Вообще-то, это она поскромничала, не что-то вроде, а форменная истерика случилась. К счастью, короткая.
Ей вдруг стало понятно, что все, с ней произошедшее за последние дни, есть не что иное, как хитрый план Пыри. Собственно – Матрицы, план, которому она следовала, как слепой котенок, и который, в конце концов, сама же осуществила. Довела до полного и окончательного триумфа, заведя себя в западню, заперев в клетке, из которой выхода нет. Ступени этого плана – да, собственно, все, на что она надеялась, чему верила. И Генри, и Нетрой, живой и мертвый, и полковник Лунгин, командир и призрак – все они детали единого плана Матрицы, камешки той мозаики, которую она придумала и складывает с непреложным упорством.

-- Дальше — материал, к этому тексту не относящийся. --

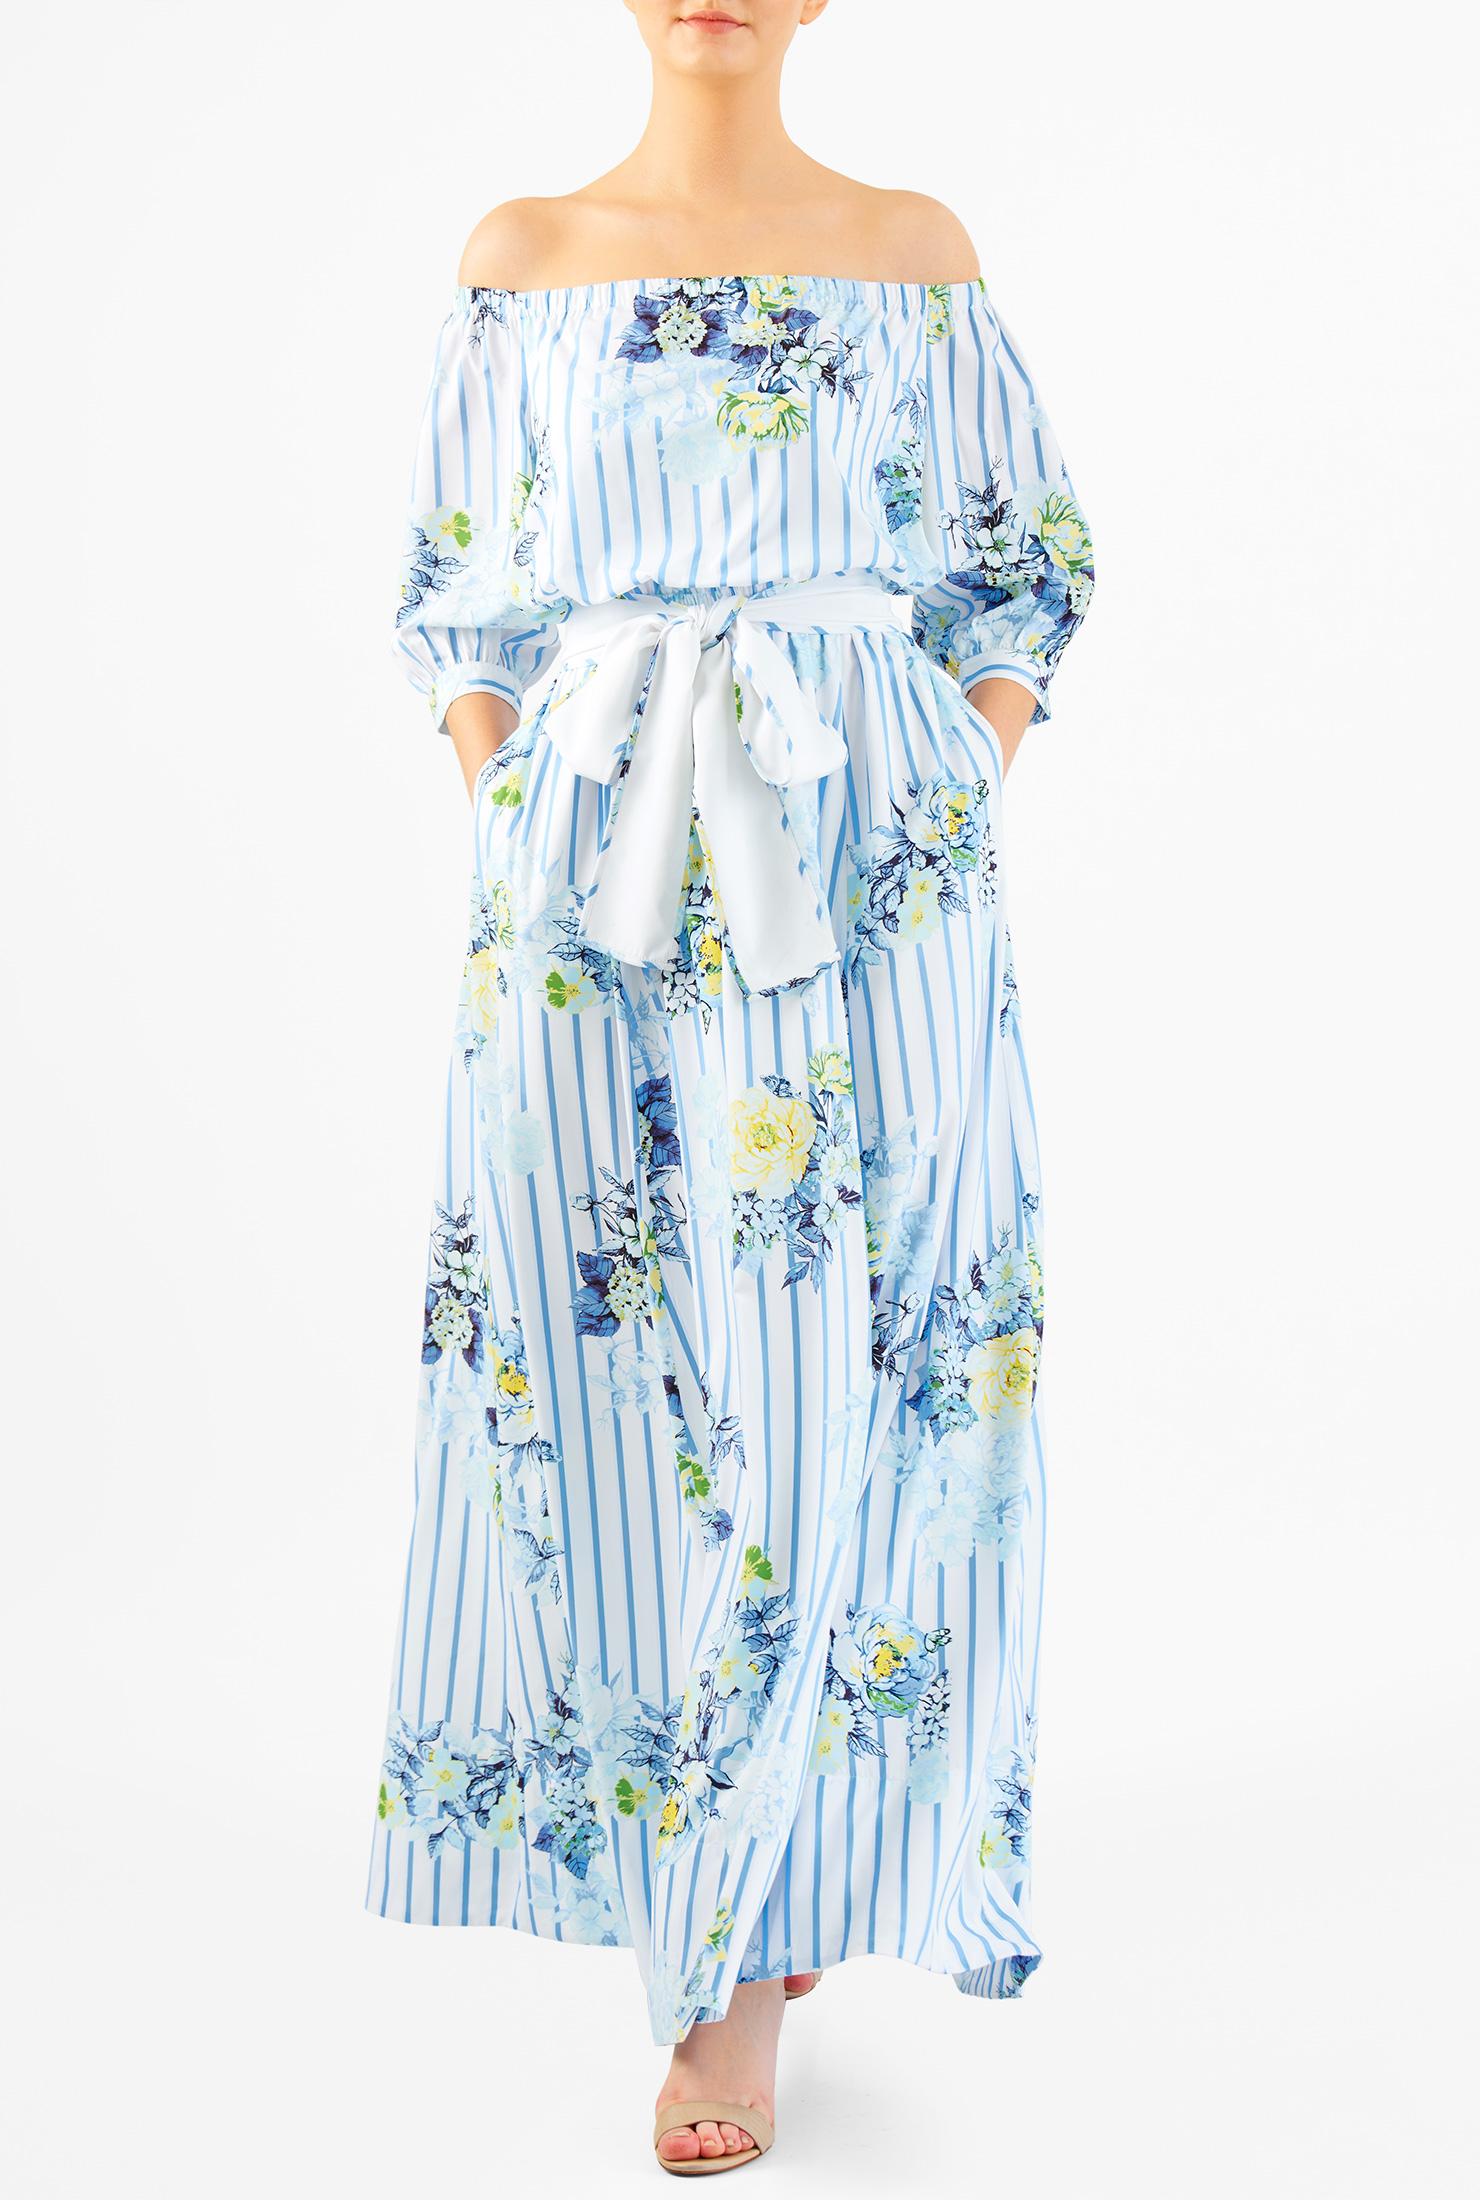 480202b0f222 Women s Fashion Clothing 0-36W and Custom

Непонятно только, на что этот план направлен? Какова его конечная цель? Для чего ее вынудили сюда забраться? Заманили в этот последний колодец – для чего? Какой в этом смысл? Она его не видит. Убить, уничтожить конкретно ее можно было и как-нибудь проще.
Смысла и выгоды для Пыри завлекать ее именно сюда она не видела. Для чего? Заставить помучиться? Это что, такой особенный ритуал, пролезть через длинную вонючую трубу, чтобы оказаться в полной заднице? Ерунда. Как по ней, ерунда и бессмыслица полная. Хуже было, если б ее заперли в Блоке А, и продолжали бы там ломать ментально и физически, и сломали бы, в конце концов. А что? Могли бы ведь не ограничиться Нетроем, а привлечь для экзекуции весь личный состав мужского полу. Ведь что было однажды, может быть и дважды, и сколько угодно раз. Вроде как с той журналисткой в плену, которую насиловали, пока не заплатили выкуп. С той только разницей, что за нее никто выкупа платить не стал бы. Нет-нет, здесь что-то другое.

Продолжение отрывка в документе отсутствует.